Exercise description → Would you transcribe only the lines below, from the one containing "Do HVAC Systems" through the end of the material, exactly and with no pictures?

Information provided →

● ● ● ● ●

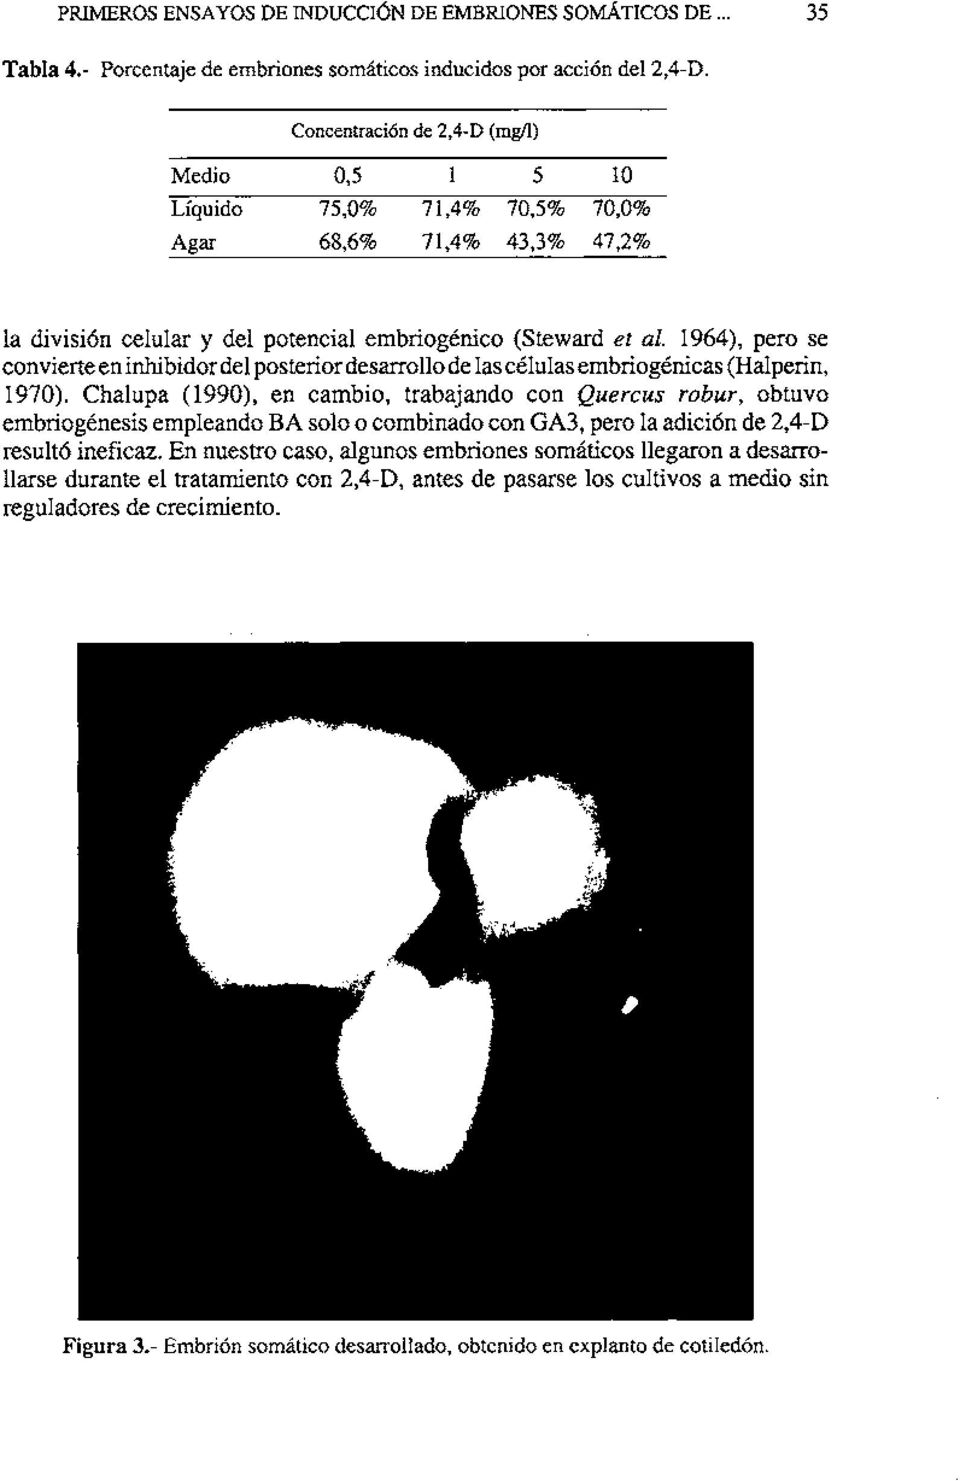 Chalupa (1990), en cambio, trabajando con Quercus robur, obtuvo embriogénesis empleando BA solo o combinado con GA3, pero la adición de 2,4-D resultó ineficaz.
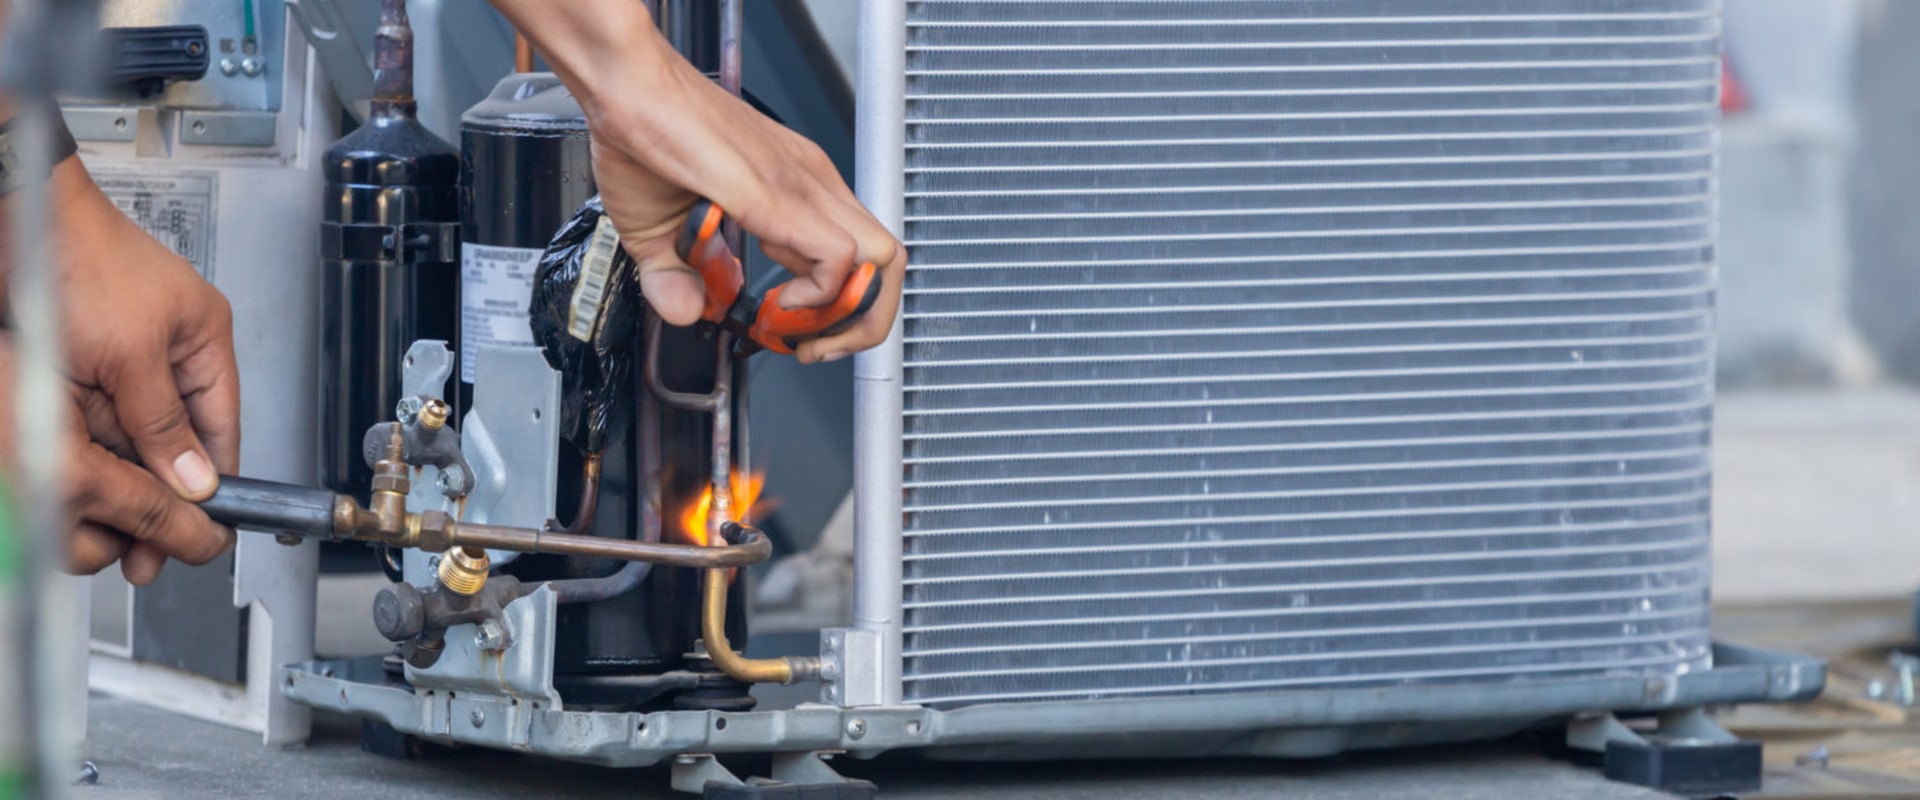 Do HVAC Systems Need Regular Maintenance? - The Benefits of Preventive Maintenance
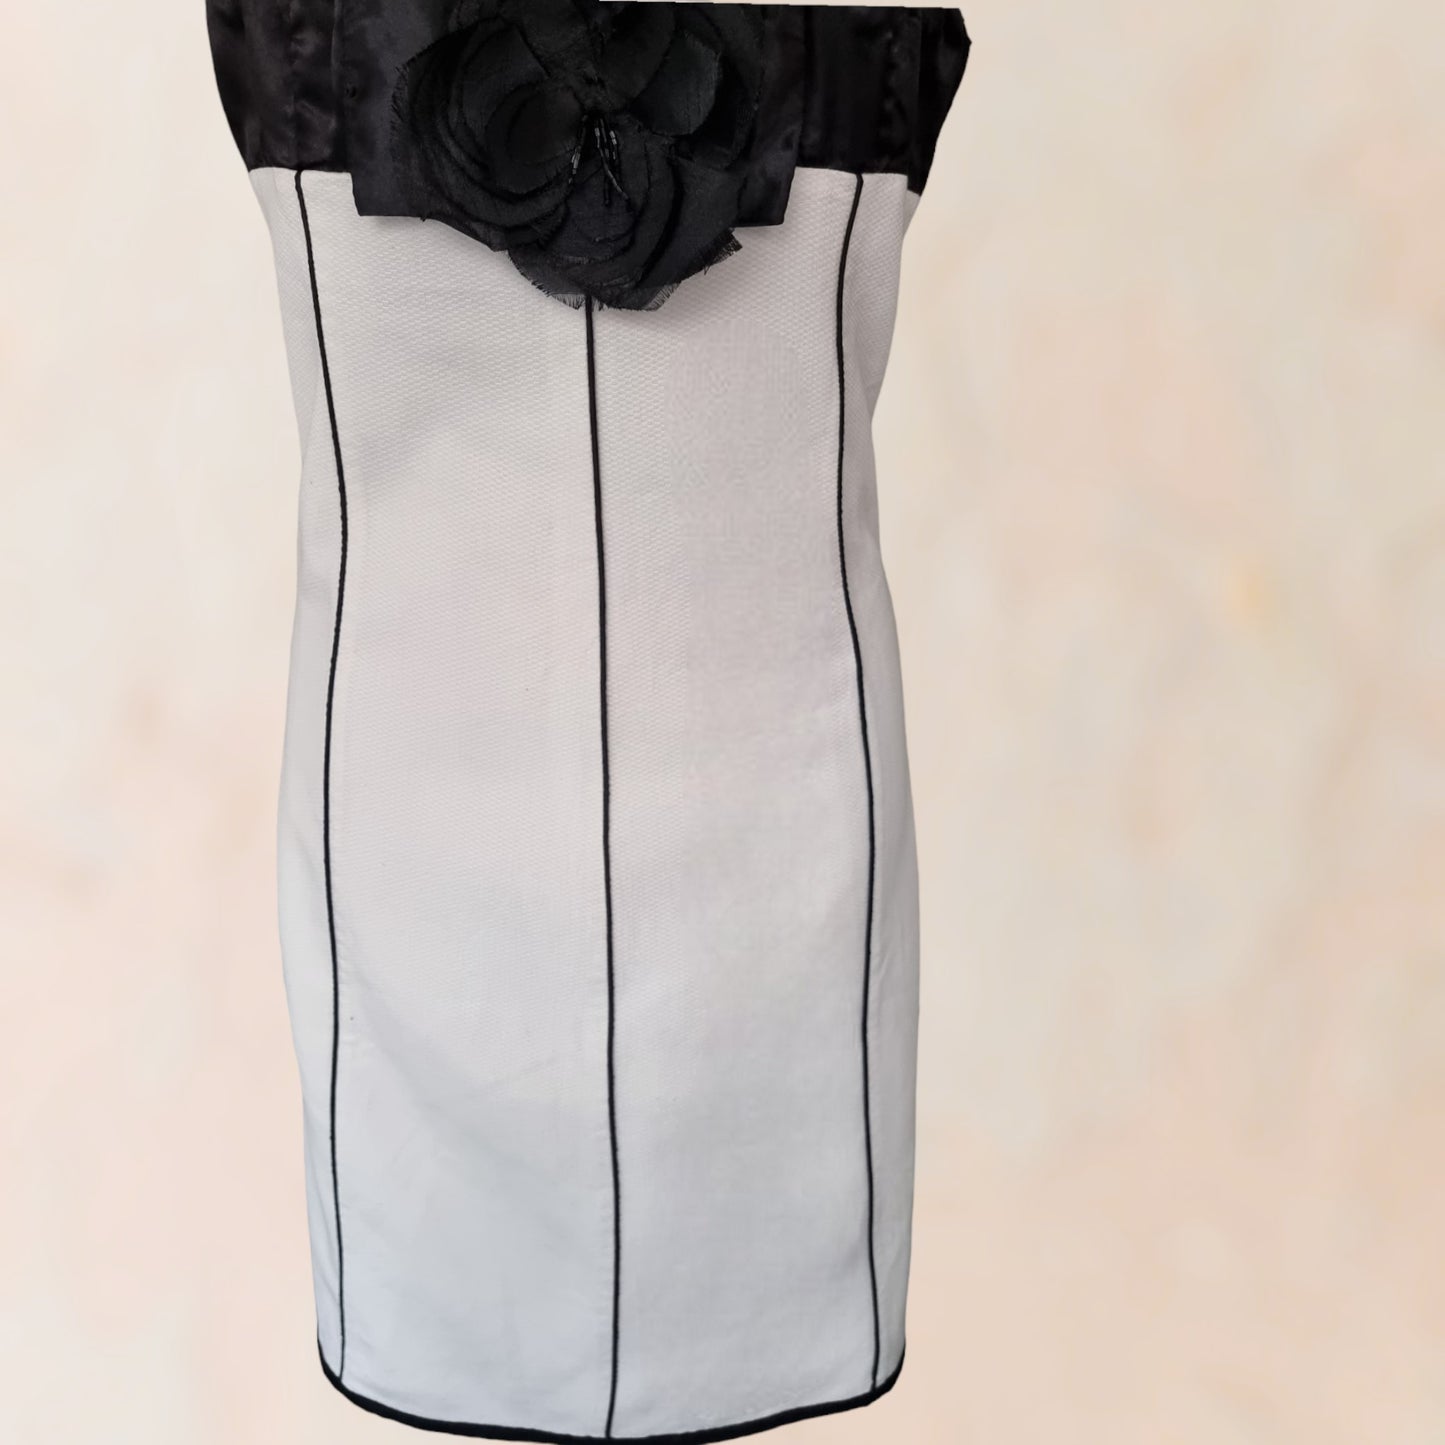 Almatrichi Cream & Black Floral Embellished Dress UK 16 US 12 EU 44 Timeless Fashions

● ● ● ● ●

Exercise output →
 Do HVAC Systems Need Regular Maintenance? - The Benefits of Preventive Maintenance
 Almatrichi Cream & Black Floral Embellished Dress UK 16 US 12 EU 44 Timeless Fashions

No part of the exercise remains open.